Recupera il rapporto con la base del partito, degli elettori, dei lavoratori scossi dagli anni di partecipazione alla maggioranza che sosteneva il monocolore DC.

Il PCI, il suo PCI, tratta di ecologismo, sostiene le lotte del neo femminismo, irrompe nel dibattito politico italiano il pacifismo, spiega quali sono i doveri dell’Europa nei confronti del terzo mondo, individua nel progresso tecnologico la chiave del rinnovamento per la pubblica amministrazione e per l’istruzione.

La questione morale diventa il cardine per la rinascita del Paese scosso da anni di terrorismo e di corruzione dilagante.

Berlinguer vede chiaramente alla fine degli anni ‘70’ ciò che il mondo sarebbe divenuto nei giorni nostri e come il Covid ci sta svelando ancora una volta.

Un profluvio di merci in un Mondo sfinito e aggredito.

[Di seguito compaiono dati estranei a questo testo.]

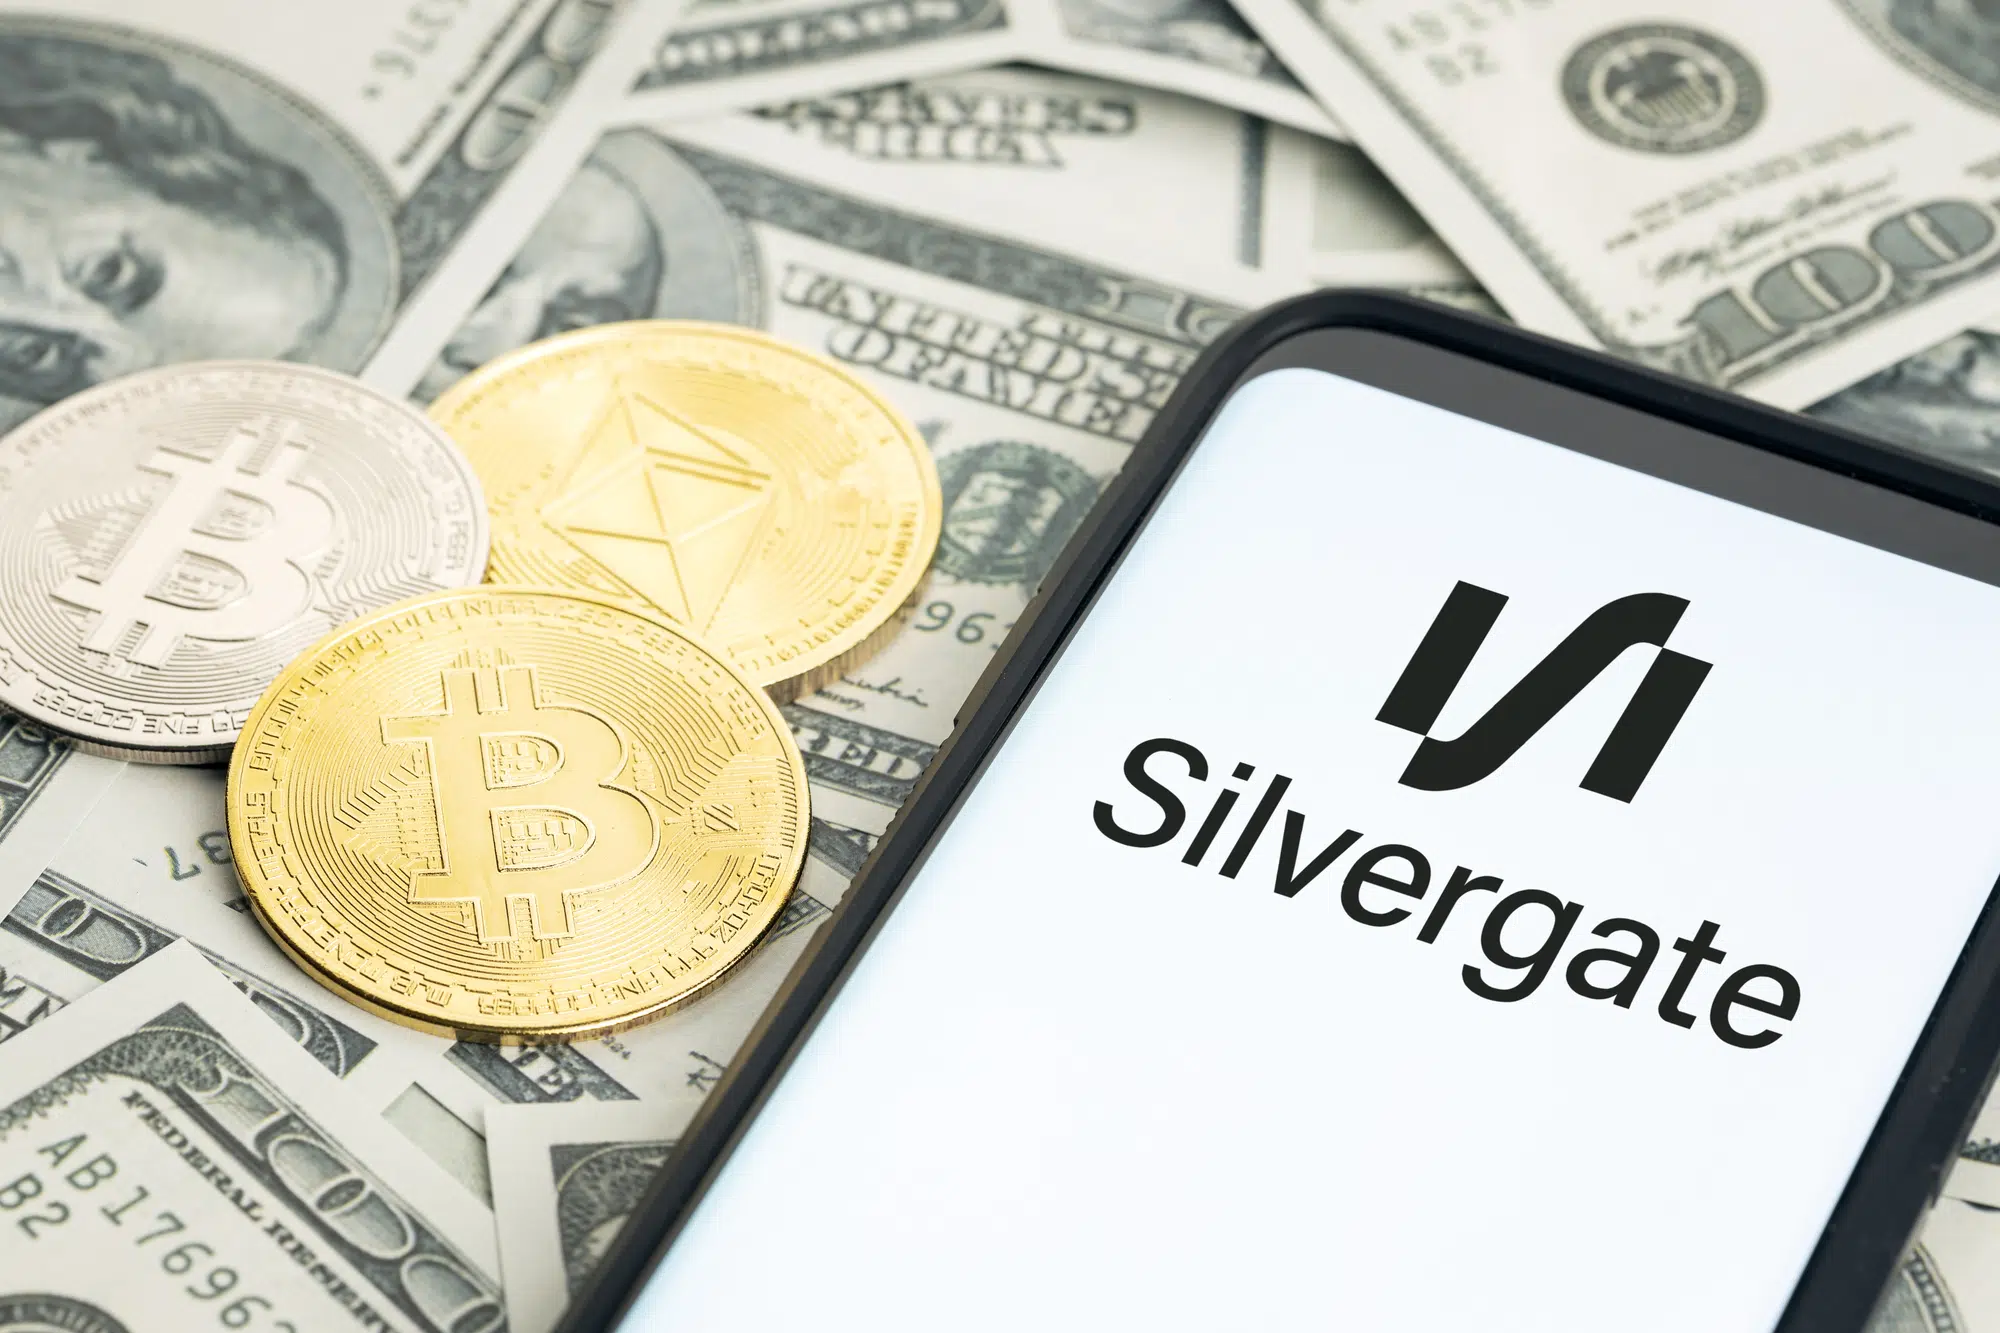 Galicia, Spain; january 28, 2022: Silvergate financial services company logo on Smartphone screen, dollar banknotes and crypto coins on table

La sua solitudine nell’affrontare con tenacia la “Questione Morale” solo e, a volte, avvilito da detrattori, avversari e nemici veri, esterni e, soprattutto interni fino alla sua morte l’11 giugno 1984 a Padova mentre pronunciava l’ultimo discorso, il suo PCI alle elezione Europee dello stesso anno compie il sorpasso ai danni della DC.

Poi solo declino, scoppia Mani Pulite, Enrico Berlinguer l’aveva detto.

Estinta la razza dei comunisti italiani del dopoguerra, i nati post 68 guidati da Giorgio Napolitano dichiarano di non essere stati mai comunisti.

Le nuove tesi sfaldano la sinistra italiana e il Partito Comunista Italiano, debellano un’idea per il nulla.